Con una antropología filosófica sería icónica y no se quiere decir otra cosa que el ser humano icono, ya que es y no

es, es decir, es y nos remite siempre a otra cosa, es lo que vemos y es lo que no vemos. Es lo visible e invisible. Esto va a llevar a Beuchot a recuperar una noción antiquísima, a saber, la del ser humano como microcosmos (compendio del universo). En el humano encontramos lo visible e invisible como en el universo en el que encontramos lo palpable, lo concreto, lo abstracto, lo material y lo espiritual. Por eso, el hombre es un microcosmos.

Ahora, en el ser humano se une lo biológico, lo psicológico y lo social. Abarca lo natural, lo biológico; y lo cultural, lo social. Lo psicológico abarca lo natural y lo cultural del hombre. En todas estas dimensiones es posible ver en el hombre intenciones, de ahí que se lo considere un núcleo de múltiples intenciones o intencionalidades.1 El ser humano es, pues, un ser intencional y así se lo ha considerado en esta historia. Y si es intencional se descubren intencionalidades varias. Edmund Husserl enseñó que la intención es tensión porque es la proyección de nuestro ser en los objetos y que las intenciones tienen significado, por eso es que requieren interpretación y, por lo tanto, de la hermenéutica. La intención vuelca al ser humano hacia fuera de sí, hacia lo

1 La noción viene de Aristóteles, pasa a la Edad Media, y la recupera Franz Brentano, quien la transmite a Sigmund Freud y Edmund Husserl. De estos últimos, el primero estudiaba medicina y tomó tres cursos de filosofía con Brentano, de donde recibió la noción de intencionalidad que trabajó como Trieb o pulsión. De Husserl pasó a HansGeorg Gadamer y Paul Ricoeur.
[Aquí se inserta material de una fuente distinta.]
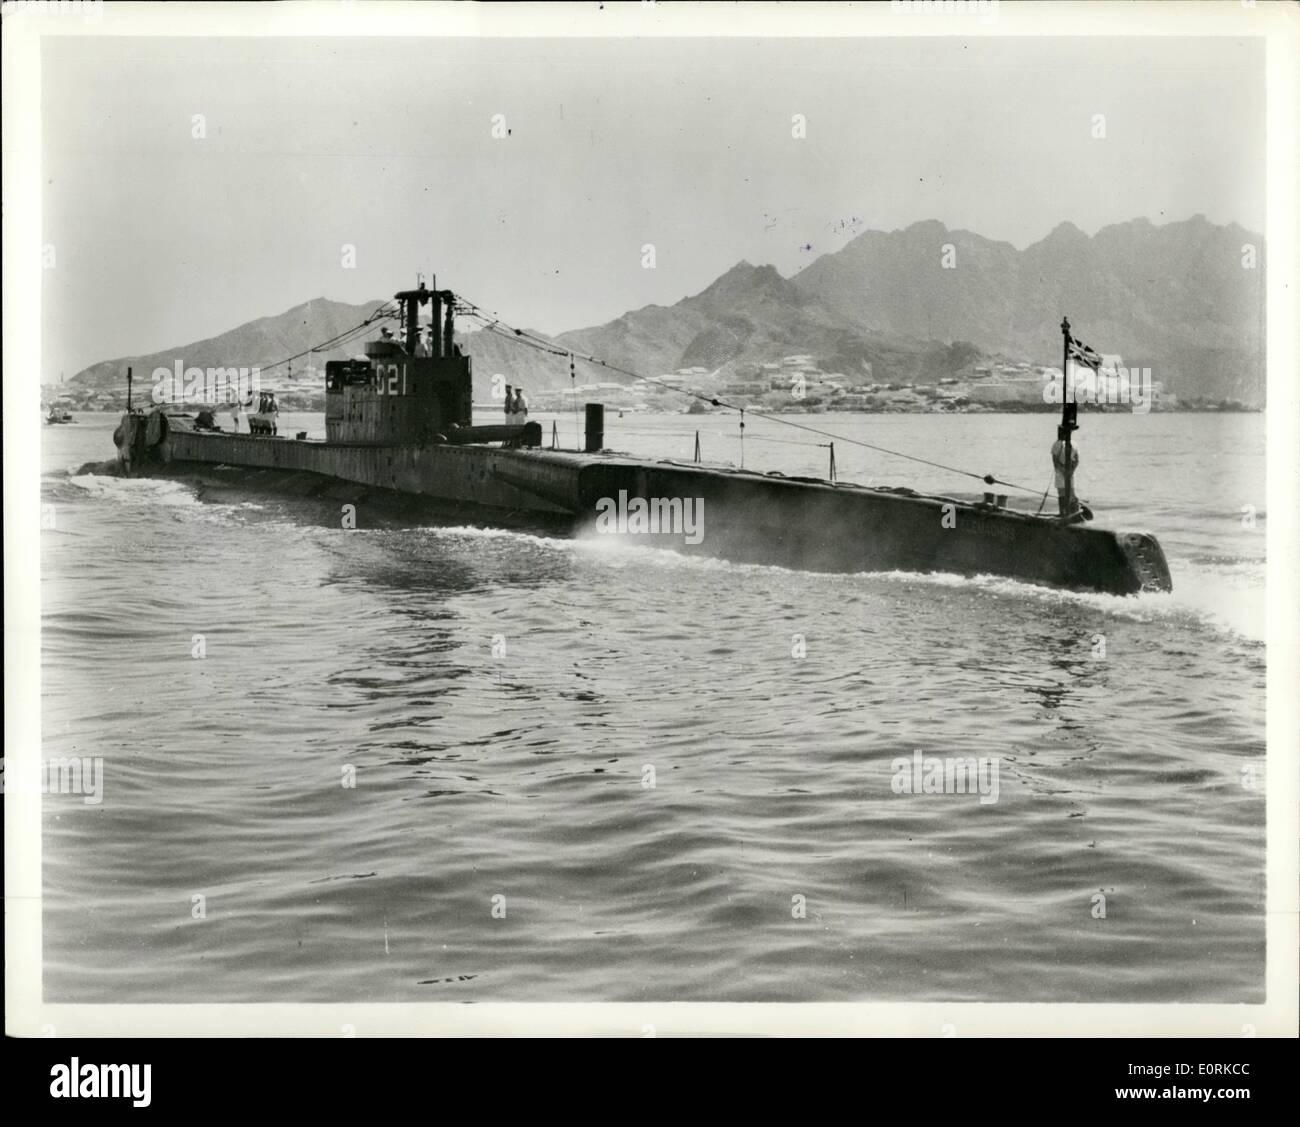 Diciembre 12, 1959 - 10 años de viajero H.M.S. Telémaco llega a Aden bajo el mando del Teniente Comandante J.M. Cochrane, R.N. el submarino británico estaba en su camino a casa después de 10 años al servicio de la Real Marina Australiana. Ella ha visitado la mayoría de los principales puertos en el Pacífico y el Lejano Oriente, desde la salida de Gran Bretaña, y desde su finalización en 1943 ha cocinado 276,742 millas. Imagen De Stock

otro o lo diferente y hacia sus semejantes. Están, pues, las intencionalidades ontológica o activa (común a todos los entes y por la cual el ser humano se aferra a la existencia), cognitiva, volitiva y emotiva (Beuchot, 2011a, pp. 86-88). Ahora bien, la intencionalidad es, en primer lugar, consciente e inconsciente. La primera es la del conocimiento y la voluntad. La segunda es la de las pulsiones o instintos o pasiones (Aguayo, 2011, pp. 51-54). Veamos brevemente en qué consiste cada una.

La intencionalidad cognoscitiva es la del conocimiento sensorial e intelectual. No hay nada en el entendimiento que no haya pasado por los sentidos, enseña Aristóteles. De los sentidos, los sensibles pasan a la imaginación que los elabora. De aquí van al intelecto, de suyo intuitivo, que les da universalidad y necesidad hasta llegar a la razón o aspecto discursivo o de razonamiento de la inteligencia. La intencionalidad volitiva es la del deseo o del amor. Comienza en el apetito sensible, el de las pasiones, y llega al racional, el de la voluntad. Aquí aparece el problema de la libertad. Esta necesita de la razón y la voluntad.

Para Aristóteles, los apetitos son el concupiscible y el irascible. Del primero son las pasiones del amor, el odio, el deseo, la fuga, el gozo y la tristeza. Del segundo son la esperanza, la desesperación, la audacia, el temor y la ira. También hay una intencionalidad de acción en la acción moral y la fabricación, en la práxis y la poiesis, a las que corresponden

las virtudes de la prudencia y el arte, respectivamente. Hay, asimismo, una intencionalidad sentimental o de las emociones: es la del amor y la empatía. El amor puede ser de benevolencia o de concupiscencia. El primero es generoso y el segundo es egoísta, pues es narcisista. Para todas las escuelas psicoanalíticas el narcisismo es la enfermedad mental o su origen, dice Mauricio Beuchot. La empatía (por amor) une a los seres humanos de manera emocional. Tiene un lenguaje simbólico. Es, además, la que hace que los humanos no se usen. El símbolo es un signo eminente del afecto (Beuchot, 2011, pp. 88-90). Las intencionalidades se conectan entre sí, se unen en el ser humano. Que se unan en el lenguaje simbólico conecta con la idea fenomenológica y hermenéutica de que las intenciones tienen significado.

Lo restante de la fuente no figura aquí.